Mark Selby Acknowledges Higgins Clashes Are One Of Snooker's Great Challenges

Selby is neck and neck with Higgins once again...
19:43, 25 Apr 2023

Mark Selby acknowledges that his Crucible clashes with John Higgins are becoming the stuff of legend.

The pair have eight world titles equally split between them and whoever emerges from the titanic and ongoing quarter-final will stand a great chance of adding to that tally.

World No2 Selby, 39, and 11th-ranked Higgins, 47, are locked at 4-4 after Tuesday’s first session going into Wednesday’s final two sessions in Sheffield.

It is a sixth meeting on the sport’s biggest stage, the same number as Higgins has had against fellow ‘Class of 1992’ member Ronnie O’Sullivan.

And only Steve Davis and Terry Griffiths, and Stephen Hendry and Jimmy White – both with seven – have met more often in the iconic theatre.

Selby had to play Scot Higgins the first three years he made it to the latter stages – losing in the first round in 2005, getting revenge a year later at the same stage, and then losing the 2007 final.

Selby, who has won his own final against Higgins since in 2017, said: “Playing John at the Crucible is right up there as one of the great challenges in snooker.

“Him, Ronnie O’Sullivan, Mark Williams…they won’t be around forever so you cherish the times you do play them now on this kind of stage.

“You don’t know if it’s the last time you might play them here, so you go out to enjoy it.

“I realise me against John probably is becoming one of the great Crucible match-ups because this is now the sixth time here, very few have met more.

“It is madness really that I played John in each of those first three years that I made it to the Crucible.

“The first year you get here you are so excited you don’t mind who you draw.
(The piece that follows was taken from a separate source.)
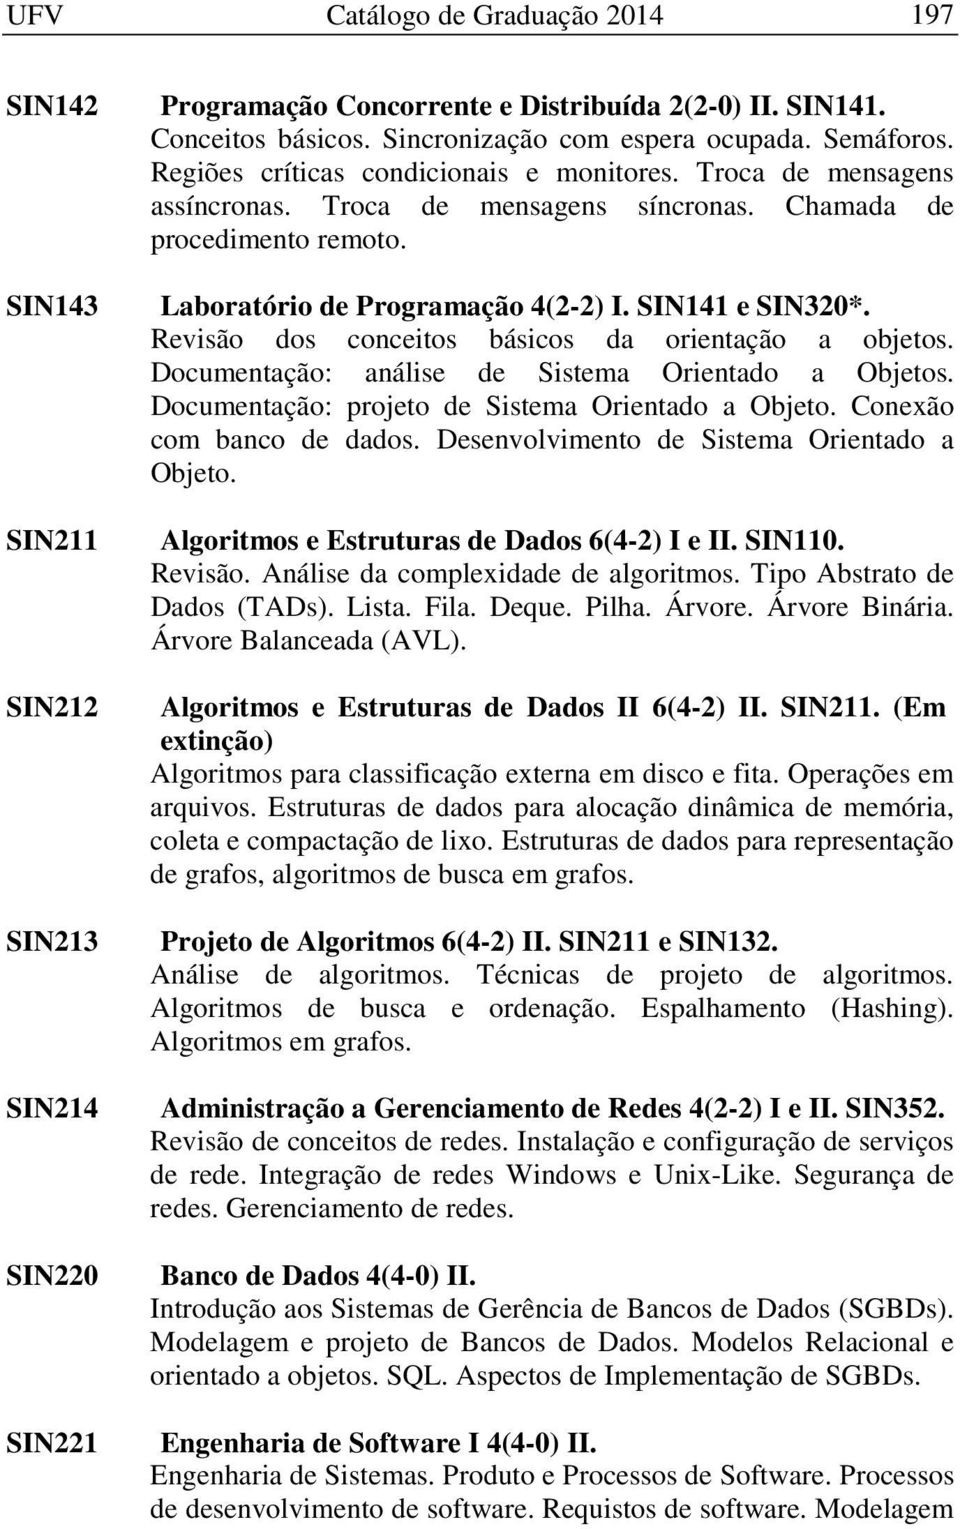 SIN141 e SIN320*. Revisão dos conceitos básicos da orientação a objetos. Documentação: análise de Sistema Orientado a Objetos. Documentação: projeto de Sistema Orientado a Objeto.
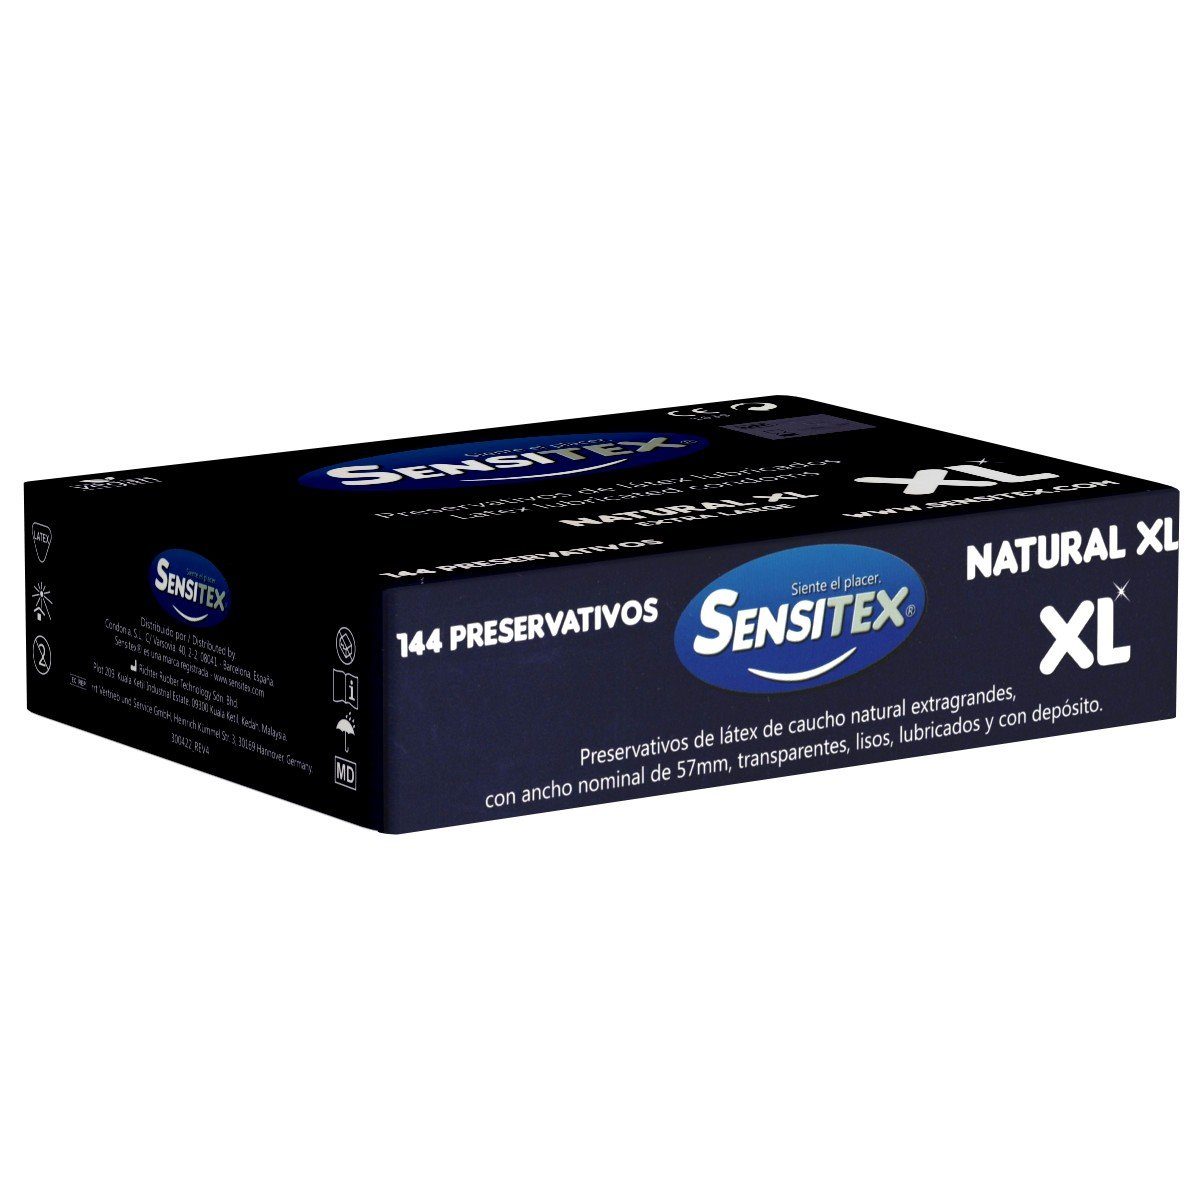 Packung aus größere St., Vorratsbox, Kondome XXL-Kondome 144 Natural XL Spanien mit, und Sensitex (57mm) vegane

John comes out and you think ‘fair enough, one of the greats’.

“Then the next year I’m thinking ‘I know more what to expect now – and I really don’t want John, or Ronnie, or Williams’. It comes out, I’m playing him again. But I win 10-4.

“The final in 2007 against him I was still a qualifier, and I put up a good fight and learned so much from that match. Even though I lost, it was a breakthrough for me.

“Getting to the final got me into the top 16 that year, and at that time I still felt like I had nothing to lose. Then you get to the final and your thoughts change – you want to win.

“But that run gave me the confidence and belief to think ‘I have competed on the biggest stage possible against the top players in the game’. A few months later I won the Masters and then the Welsh.

“We have both had streaks at the Crucible – I won three in four years, John won three in five, and more recently than that he got to three finals in a row. Three wins in four is obviously better!”

Meanwhile Higgins’ fellow Scot and practice partner Anthony McGill hauled himself back from a big early deficit against tournament sensation Si Jiahui to also stand level at 4-4.

McGill admitted before the quarter-final he spends a lot of time playing and following chess – with that World Championship currently also being contested in Kazakhstan.

And the world No21’s hopes of being king of the Crucible castle look much healthier today than when he trailed 4-1 early in the match against the Chinese qualifier and debutant.

McGill, 32, said: “I play a lot of chess, and I am watching the World Championships over in Astana at the moment.

“It’s a series of games between the Russian Ian Nepomniachtchi and China’s Ding Liren. And it’s a good deflection from here. I watch the YoutTube coverage and the reviews of the games.

“It’s absolutely similar to snooker though I'd say snooker is even harder. I'm hopeless at playing chess but snooker's harder. You can see a move in chess and play it, in snooker not only do you have to see the shot, you have to execute it as well.”